May-June 2002

Salvadoran University Struggles Against the Odds


Professors at Oscar Romero University in the poor, rural Chalatenango province of El Salvador face enormous challenges in educating their students. Many of the students are former combatants from both sides of the violent civil war that raged across El Salvador throughout the 1980s, often pitting neighbor against neighbor. During the war, the quality of elementary and secondary education suffered, so students at the university, which has a liberal admissions policy, often have educational deficits to overcome. To make matters worse, El Salvador’s economy is in recession, and the country has not yet recovered from the effects of a devastating 2001 earthquake.

Professors are paid "abysmally" in El Salvador, typically earning about $400 a month, according to Barbara Acosta, one of the founders of Oscar Romero University. Most professors at the university work part time, and many commute from the capital city of San Salvador, about an hour and a half away, where they hold other teaching positions. As a private institution, the university receives no government funding and operates mostly on income from tuition, a difficult proposition given the poverty of the student population. Tuition is about $40 a month, yet many students have trouble coming up with that amount in a country where half the population lives in poverty.

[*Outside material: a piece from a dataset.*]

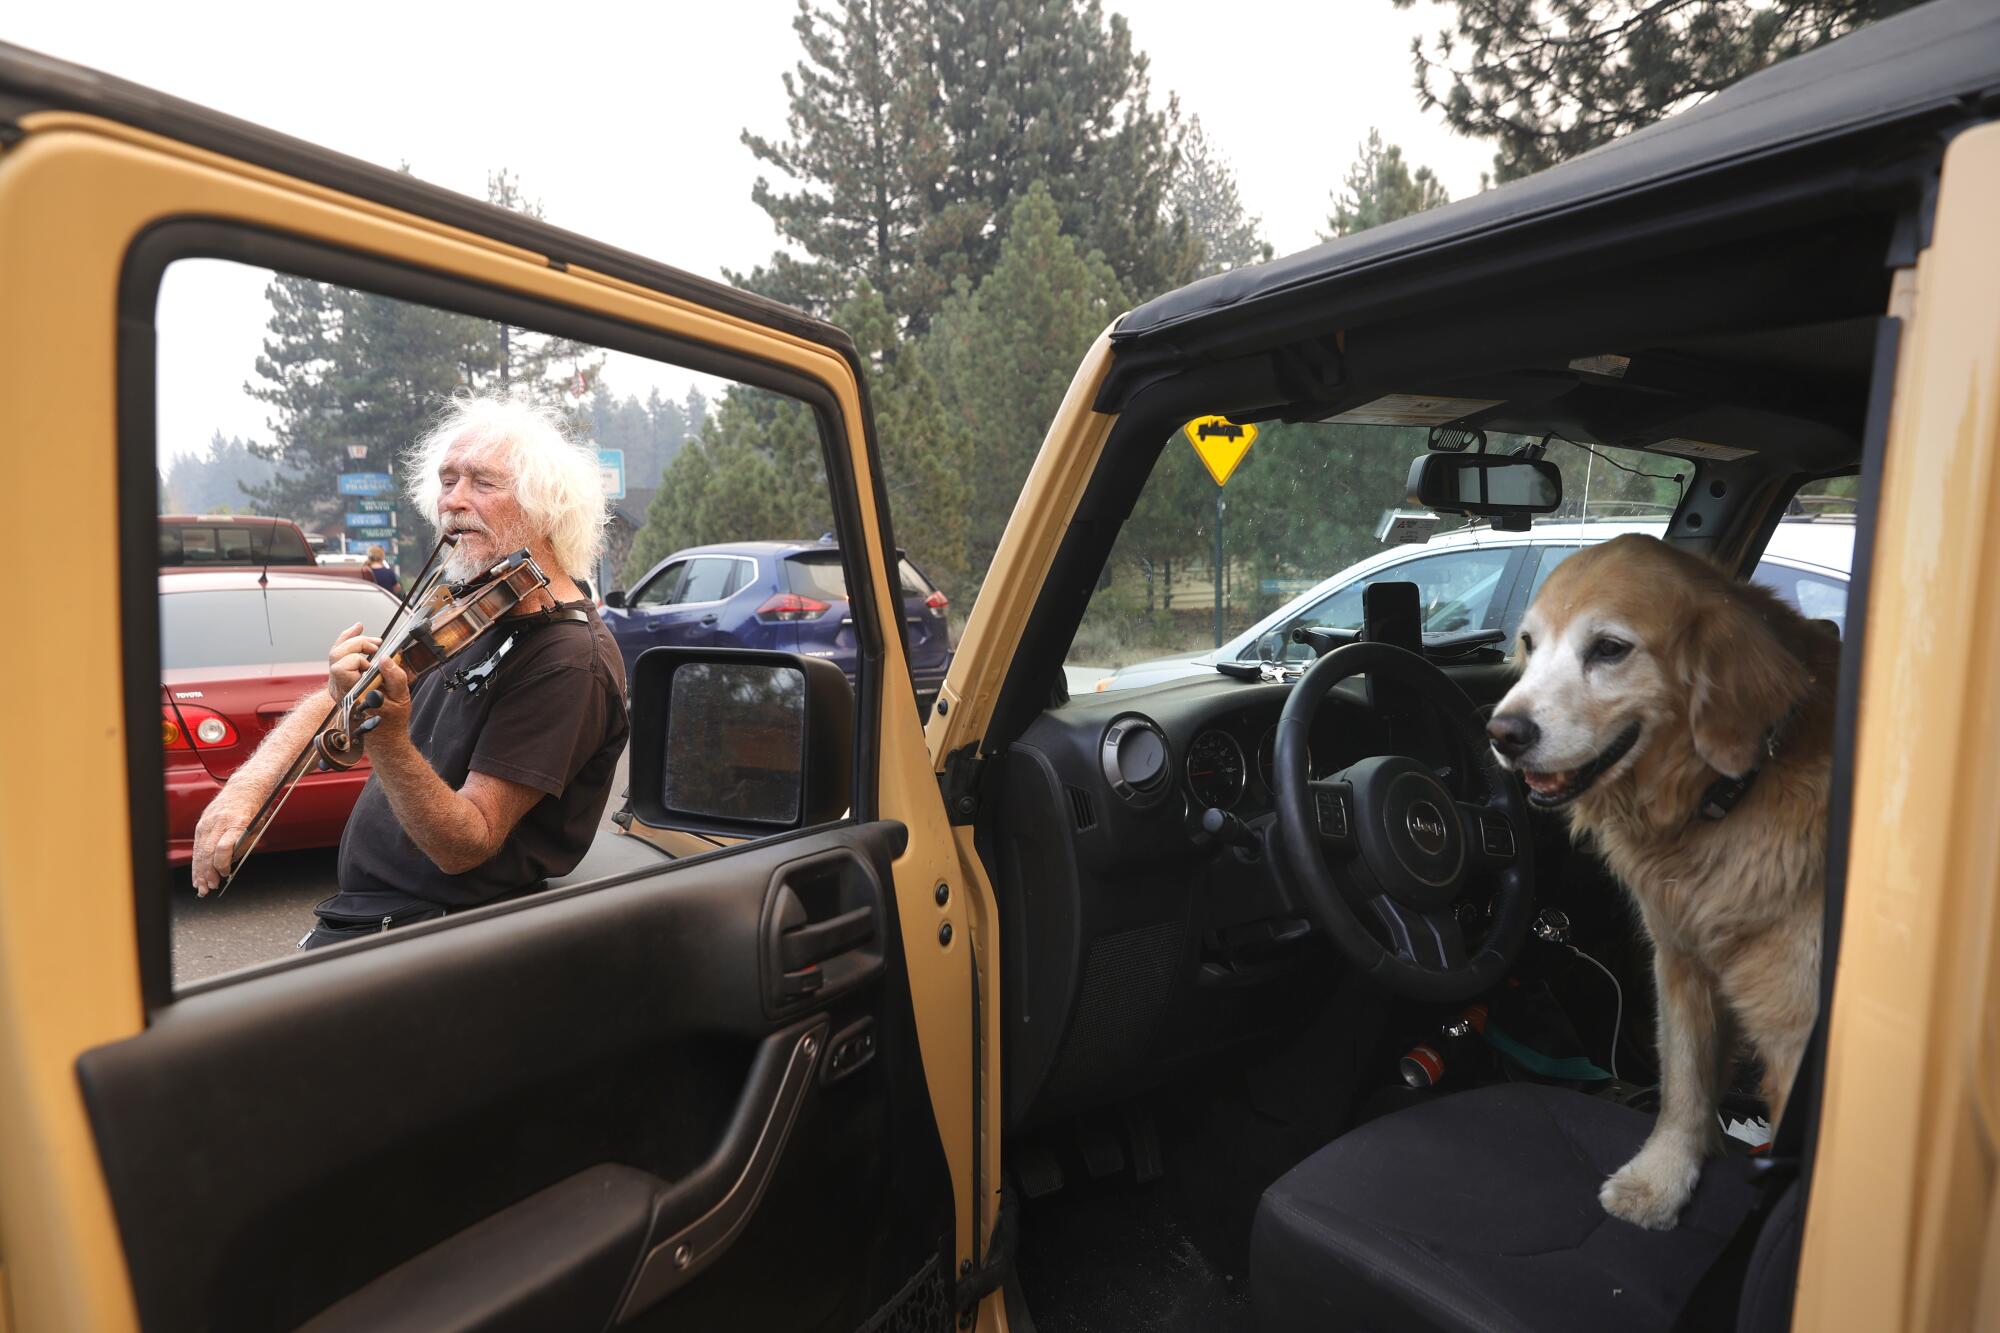 Evacuee Mel Smothers plays the violin as he waits in a miles-long traffic jam on Highway 50

Despite these barriers, the university is growing steadily. It rose in 1994 literally out of the ashes of the war—one of the first tasks undertaken by the founders was clearing munitions shells from the farm property that would become the university’s campus—and now has four buildings and almost six hundred students. About sixty people have graduated from the institution, which offers two- and four-year programs in agronomy, agricultural engineering, law, education, and computer science. The institution’s mission is twofold: to offer educational opportunity to students traditionally excluded from higher education, and to help rebuild the poor, rural, and war-torn province of Chalatenango by producing graduates with the education and skills necessary to contribute to the local economy.

Remaining independent in the face of the strong ideological agendas in the region has been a challenge for the university, says Acosta. "A university by definition needs to be universal in its ideological approach and not become controlled by any political faction," she says.

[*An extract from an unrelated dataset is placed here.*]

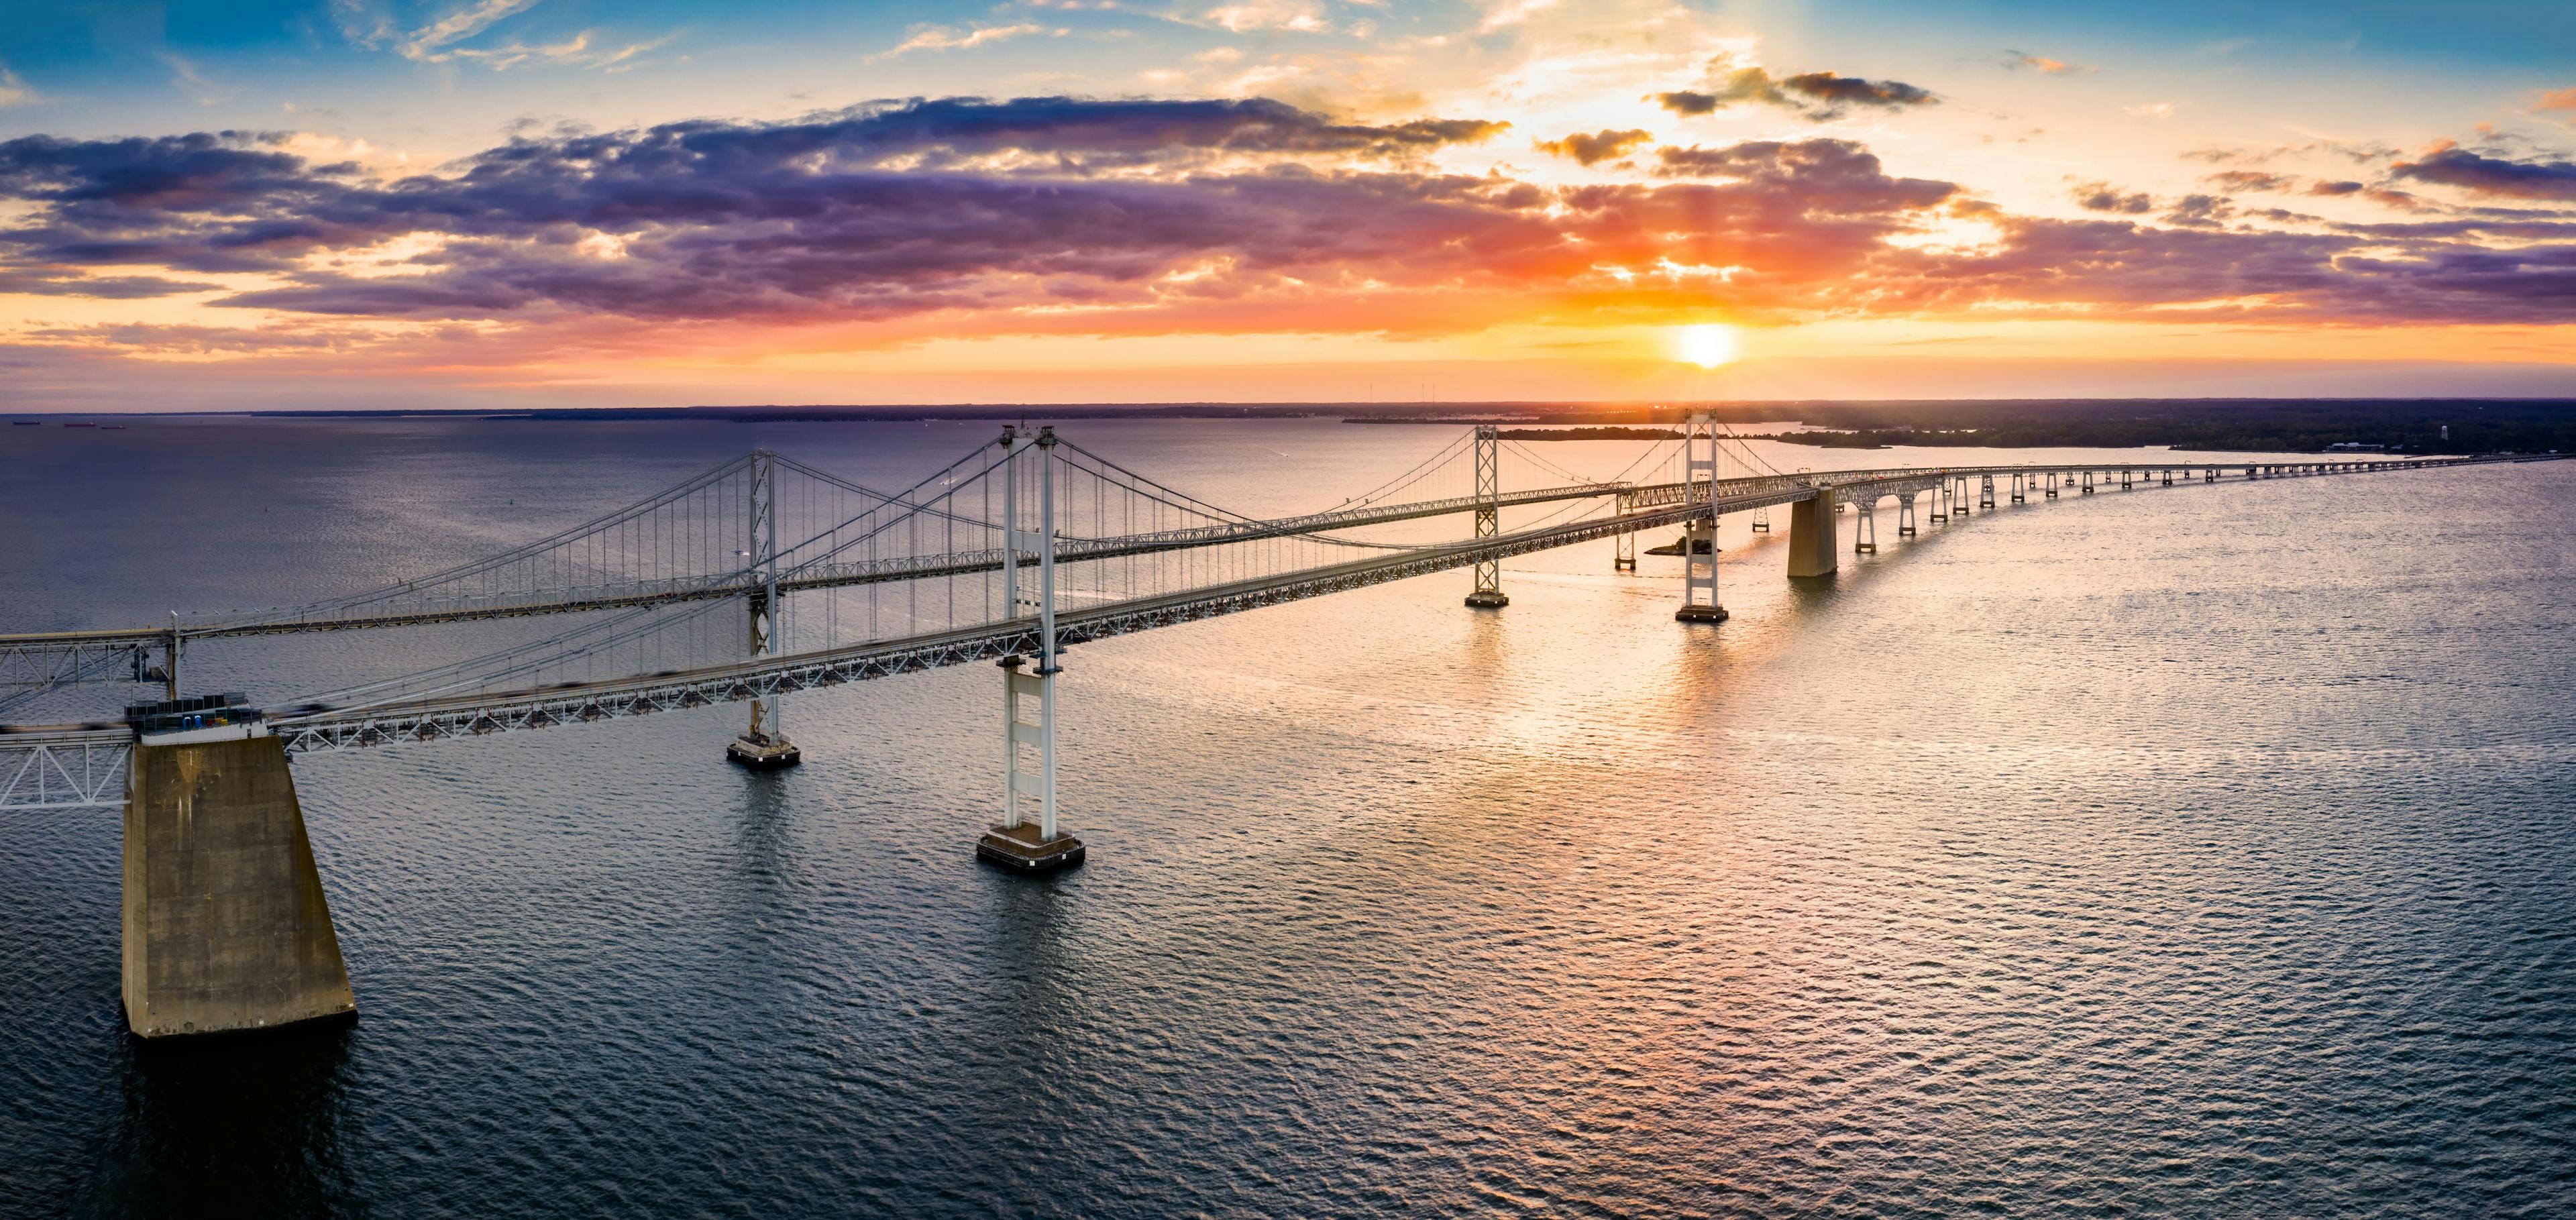 The Chesapeake Bay Bridge from the side, with water at sunset

Accreditation is the next challenge for the university. El Salvador’s system of higher education has changed rapidly in the last two decades. The closure of the country’s only public university for four years during the war and a widespread interest in rebuilding education after peace accords were signed in 1992 led to a proliferation of private colleges and universities, ranging from full-service academic institutions to storefront operations offering little of substance. With help from a team of researchers from Harvard University’s Institute for International Development, the country recently adopted both minimum required standards and optional accreditation standards.